By Associated Press | January 17, 2008

A group of retired federal drug enforcement agents sued NBC Universal yesterday, saying the movie "American Gangster" falsely made them out to be villains in the story of a Harlem heroin trafficker played by Denzel Washington.

The suit, filed in federal court in Manhattan, claims that the movie defamed hundreds of DEA agents and New York police officers by claiming at the end that Frank Lucas's collaboration with prosecutors "led to the convictions of three quarters of New York City's Drug Enforcement Agency."

Lucas became a government informant after his conviction in 1975, and his tips led to the prosecutions of several fellow drug dealers.

According to the lawsuit, no DEA agents or New York police officers were ever convicted as a result of tips provided by Lucas. "This is absolutely off-the-wall," a prosecutor in the federal case against Lucas in 1975 who now represents the DEA agents, Dominic Amorosa, said.

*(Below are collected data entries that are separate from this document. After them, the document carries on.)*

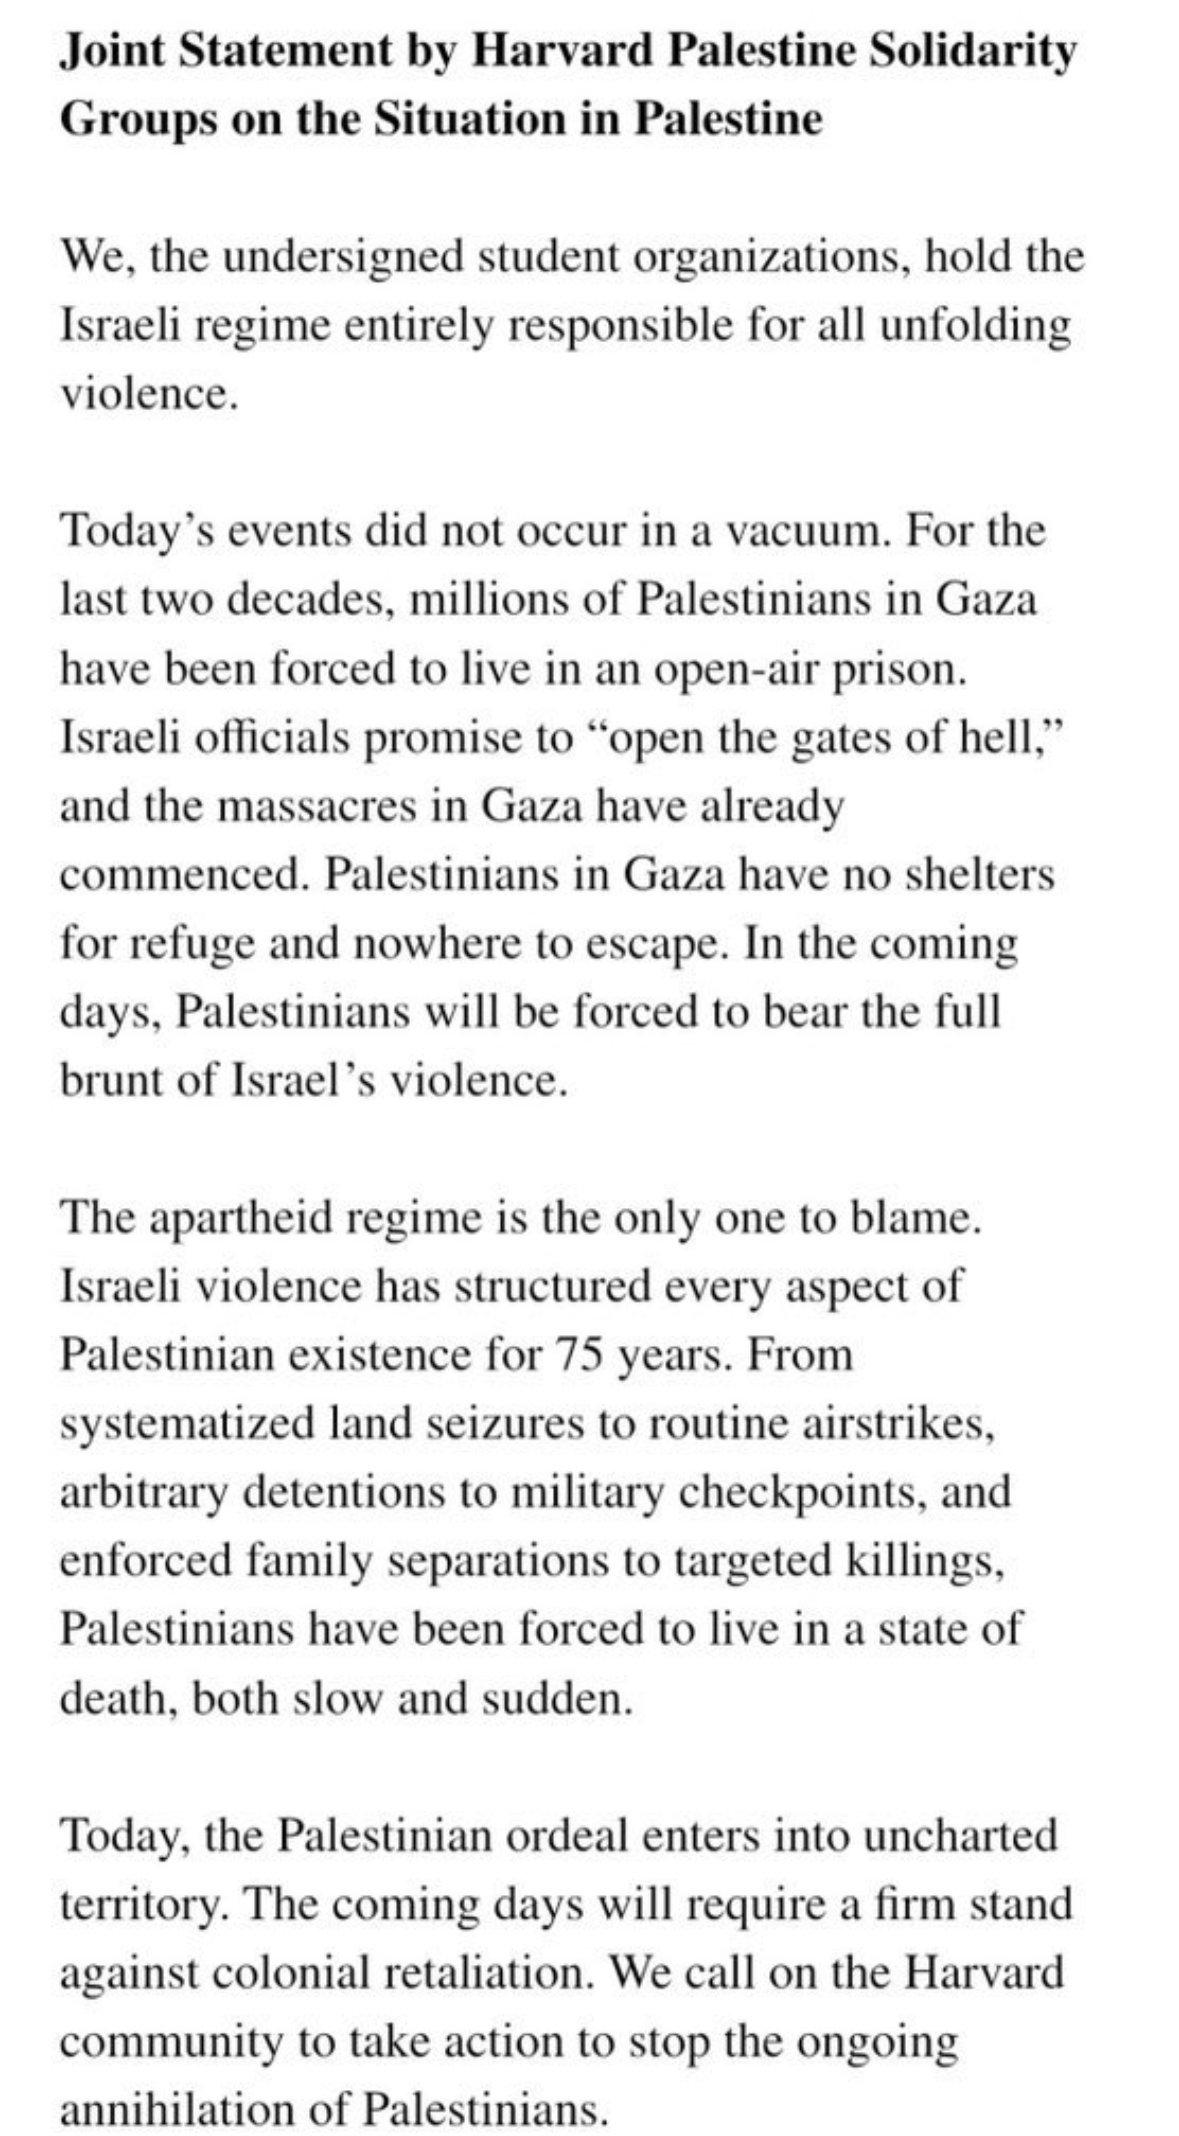 “팔레스타인은 책임없다” 선언한 하버드 학생단체들.jpg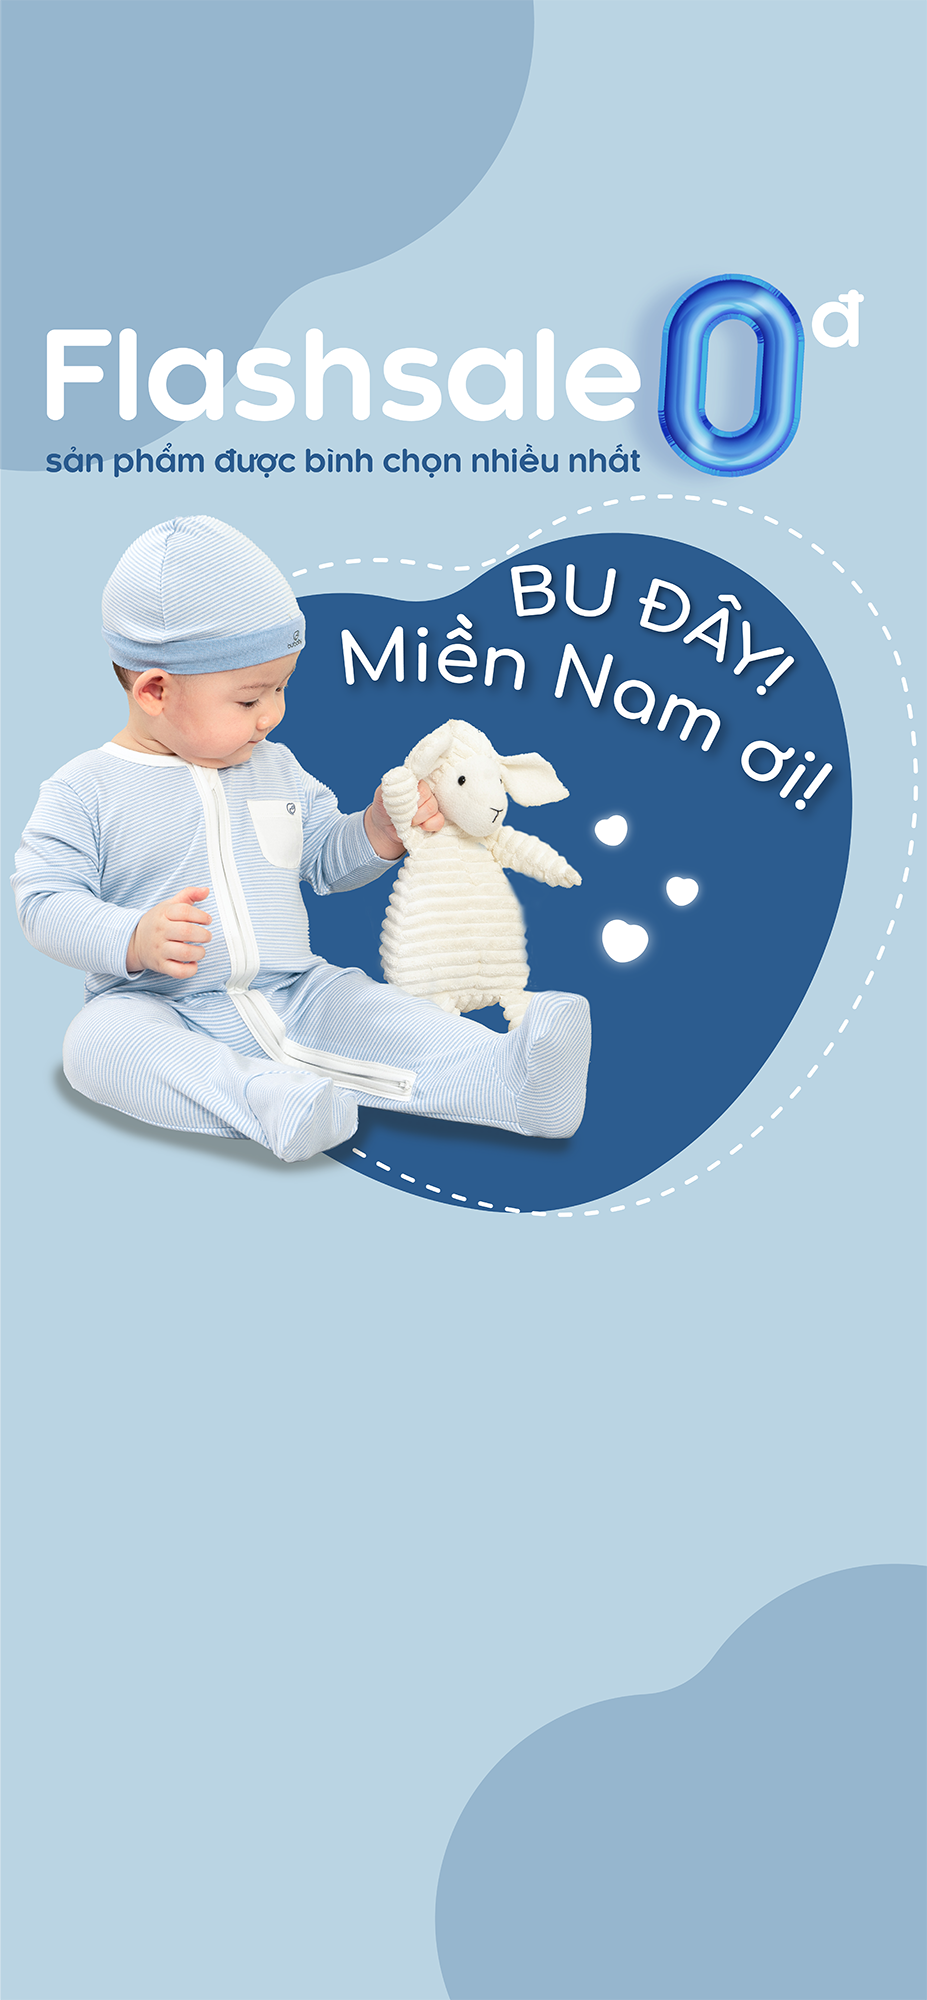 BU Baby - Thương hiệu quần áo an toàn, cao cấp dành cho trẻ sơ sinh.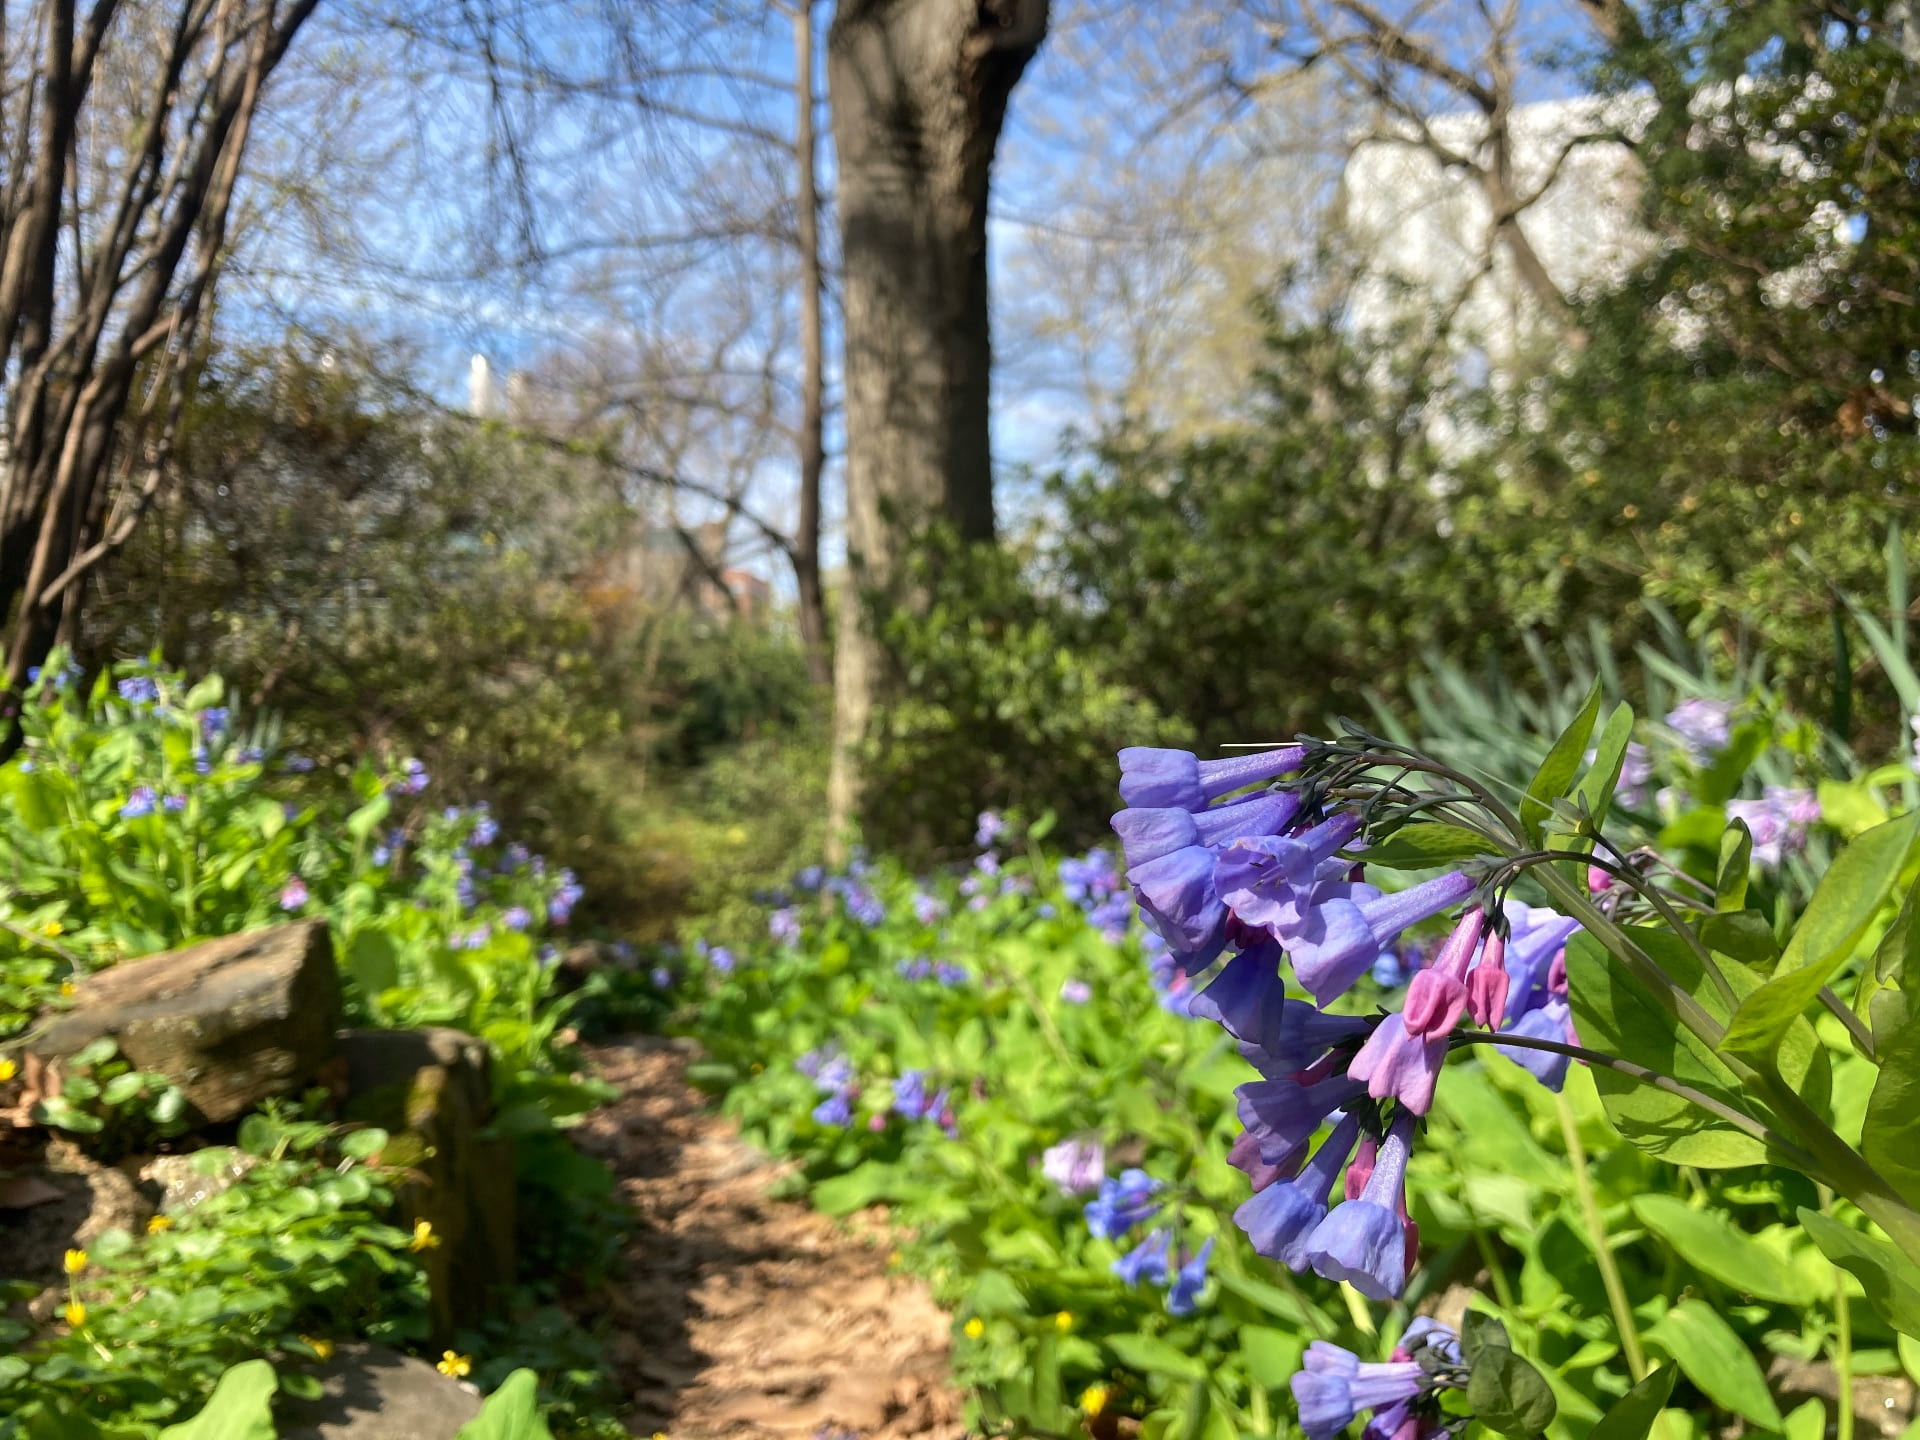 Virginia bluebells, Mertensia virginica, bloom along a hidden path.

Mr. Amorosa said the filmmakers had unfairly blackened the reputation of agents who risked their lives to put away Lucas and other drug felons in the 1970s and 1980s.

"I don't know what these people were thinking, but they are going to pay for it," he said.

A Universal Pictures spokesman, Michael Moses, said in a written statement that the lawsuit is "entirely without merit."

"'American Gangster' does not defame these or any federal agents," he said, adding that the corrupt law enforcers depicted in the film were supposed to be New York police officers, not DEA agents.